■ DATA PROVIDED ■
--- START ---
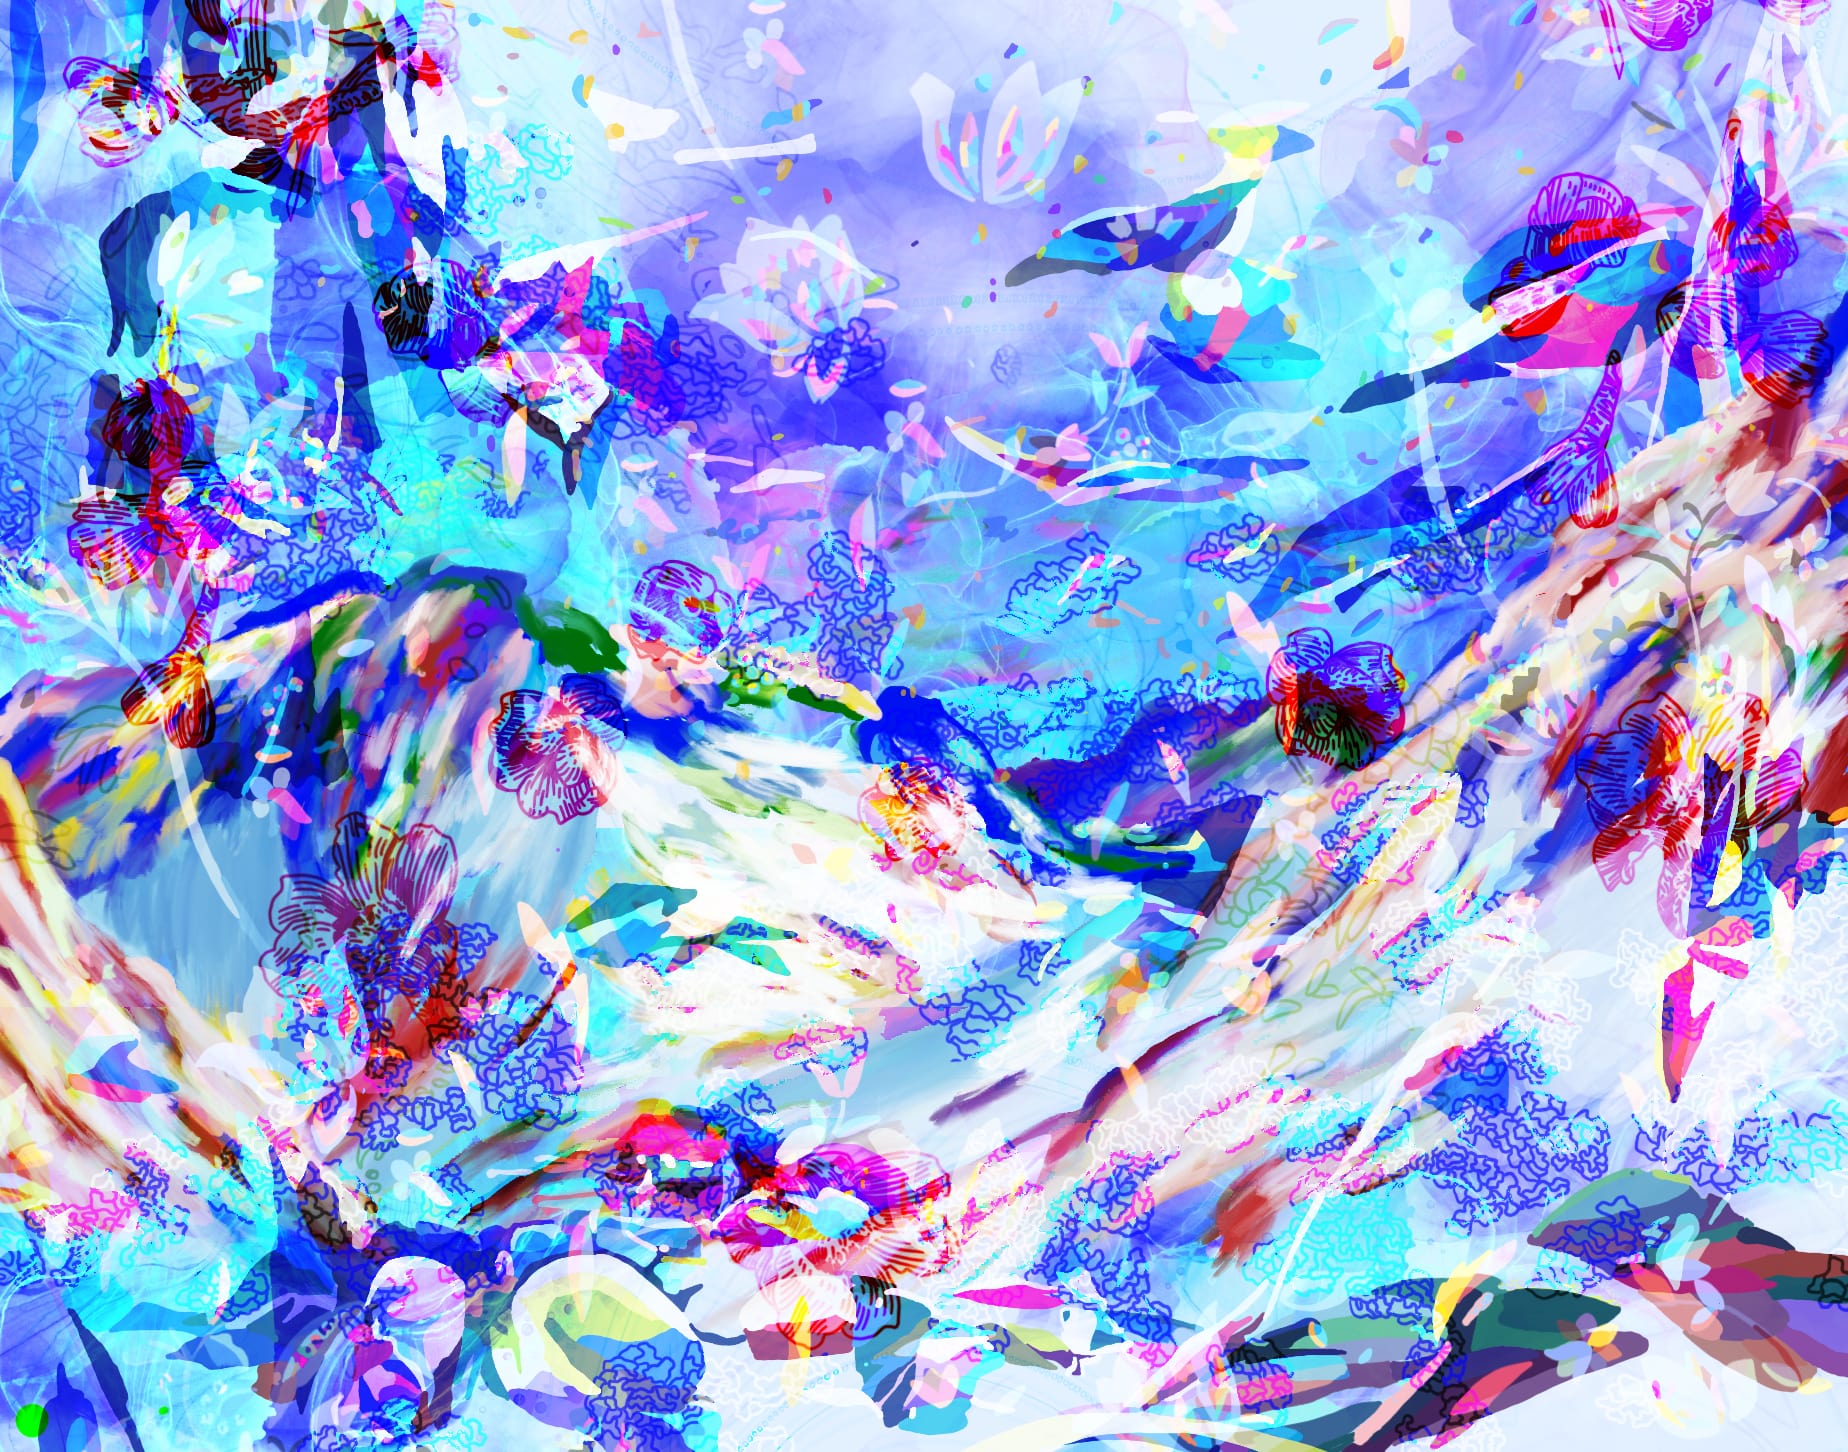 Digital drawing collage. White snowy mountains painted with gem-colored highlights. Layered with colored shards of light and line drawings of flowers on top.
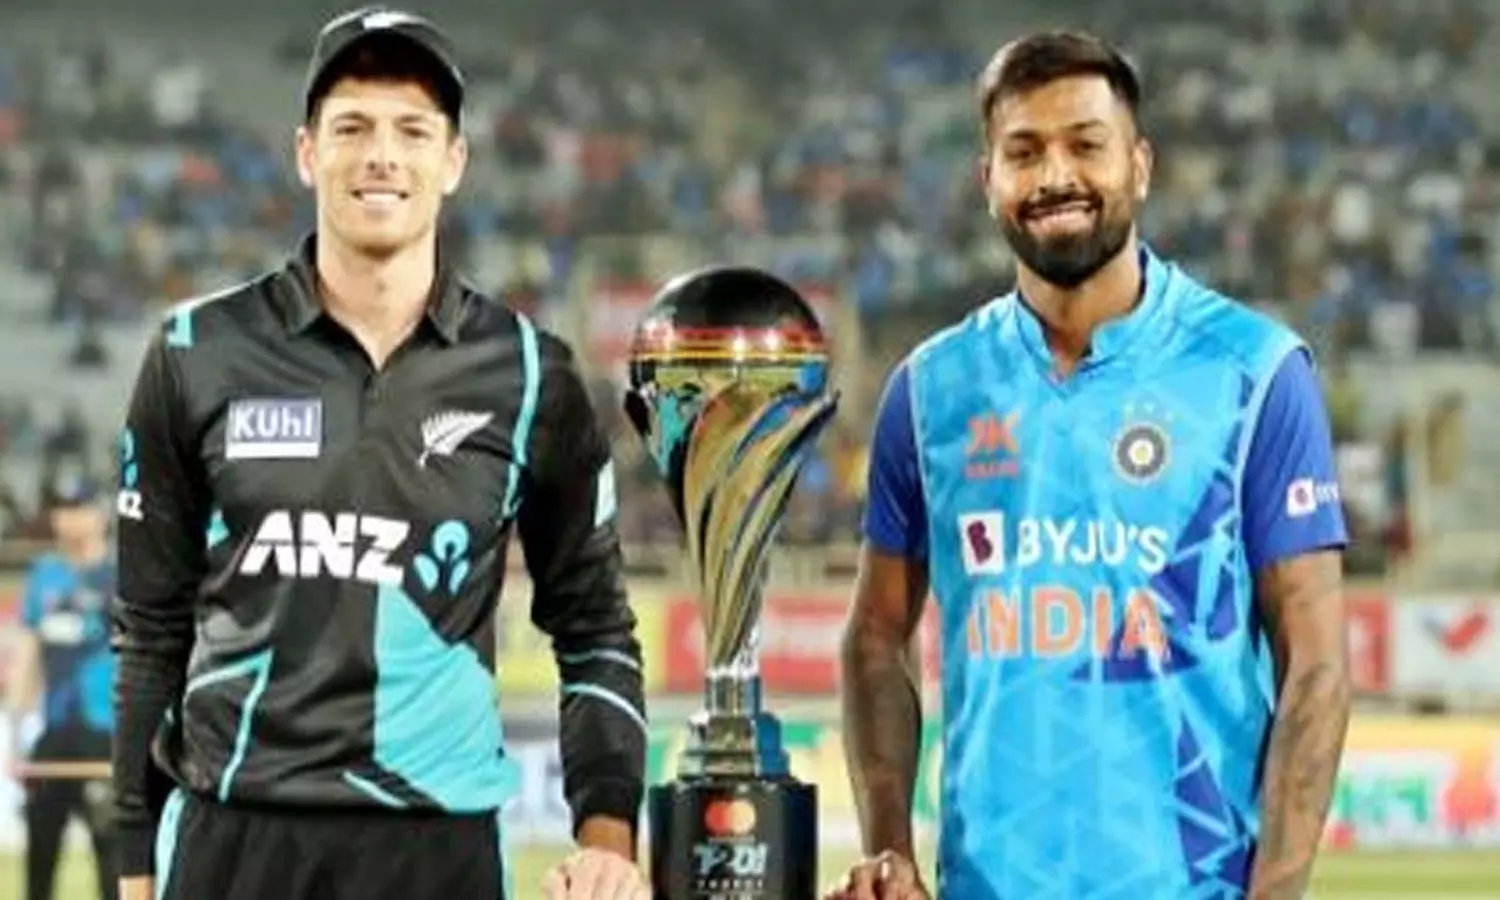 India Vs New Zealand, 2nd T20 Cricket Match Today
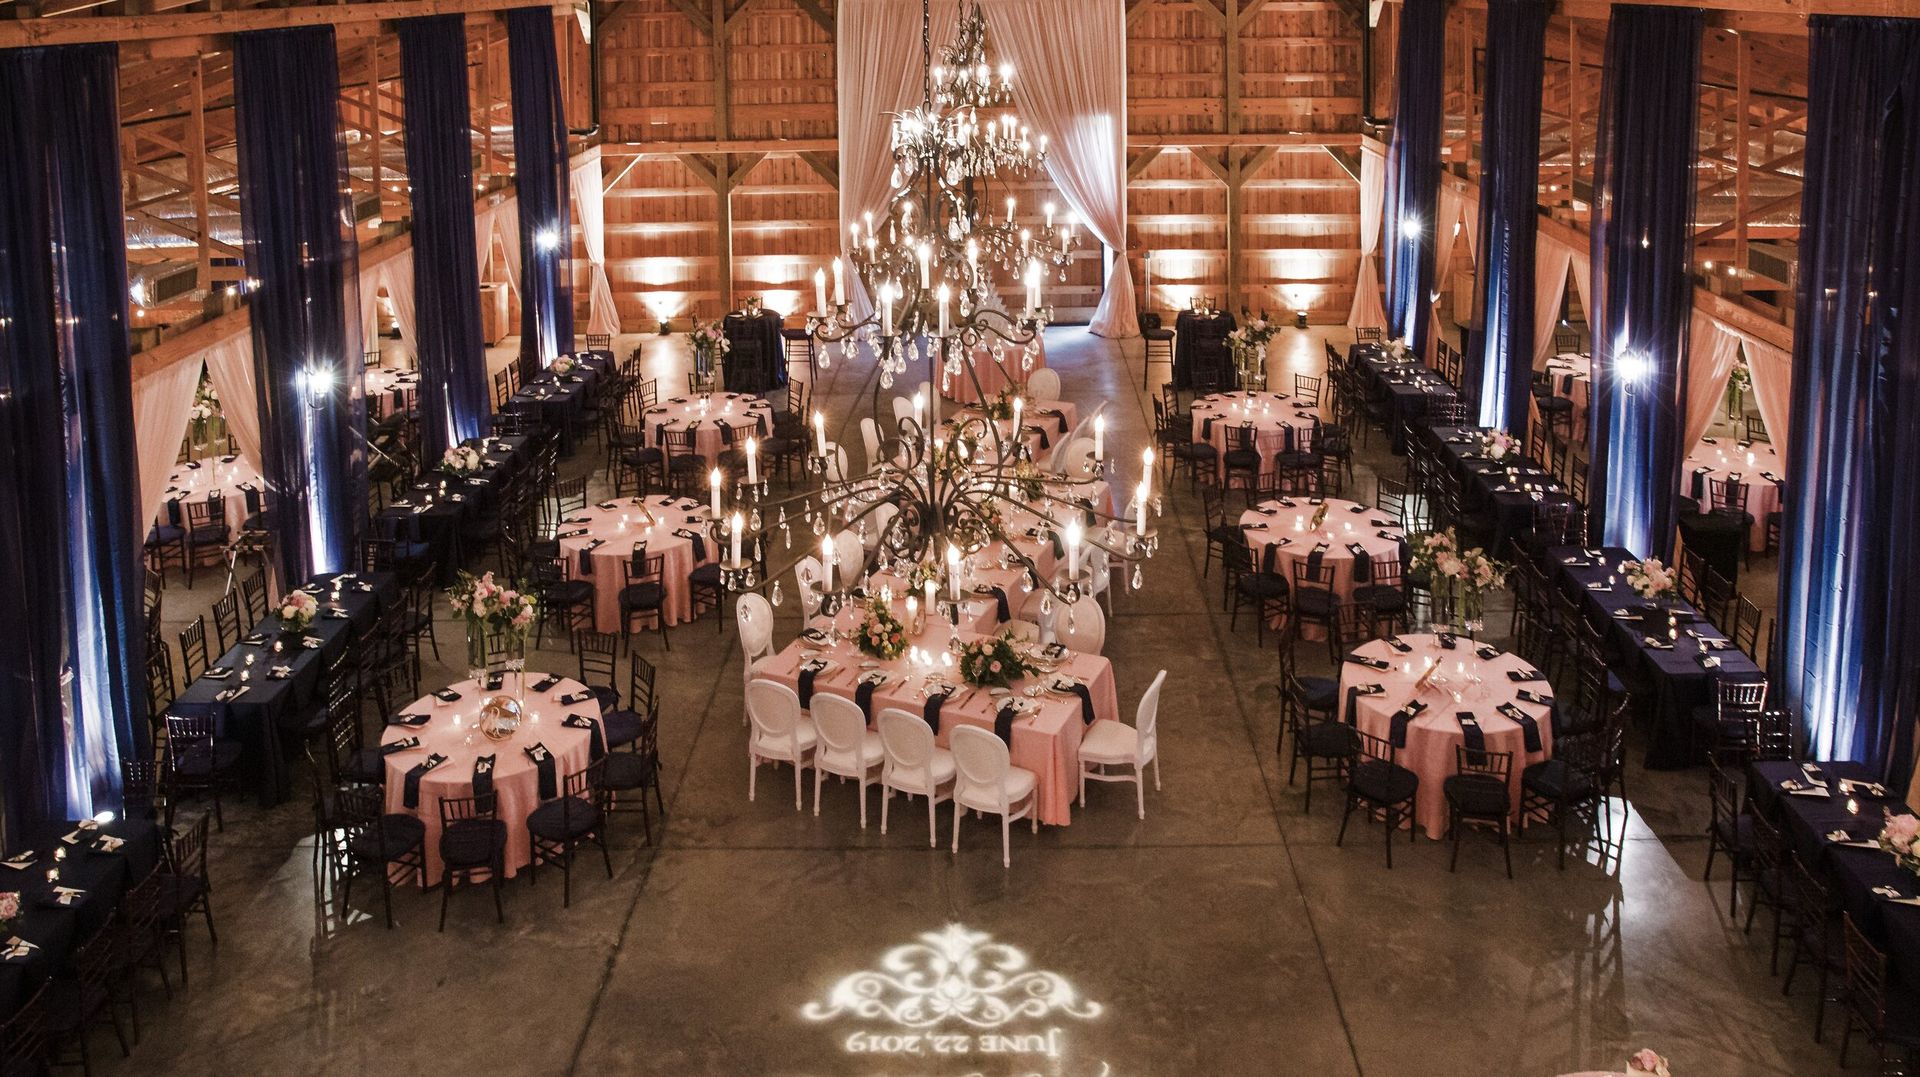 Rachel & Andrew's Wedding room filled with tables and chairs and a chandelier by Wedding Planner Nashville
--- END ---
Take the material above and set it down exactly, minus the images.

■ ANSWER BOX ■
 Digital drawing collage. White snowy mountains painted with gem-colored highlights. Layered with colored shards of light and line drawings of flowers on top.
 India Vs New Zealand, 2nd T20 Cricket Match Today
 Rachel & Andrew's Wedding room filled with tables and chairs and a chandelier by Wedding Planner Nashville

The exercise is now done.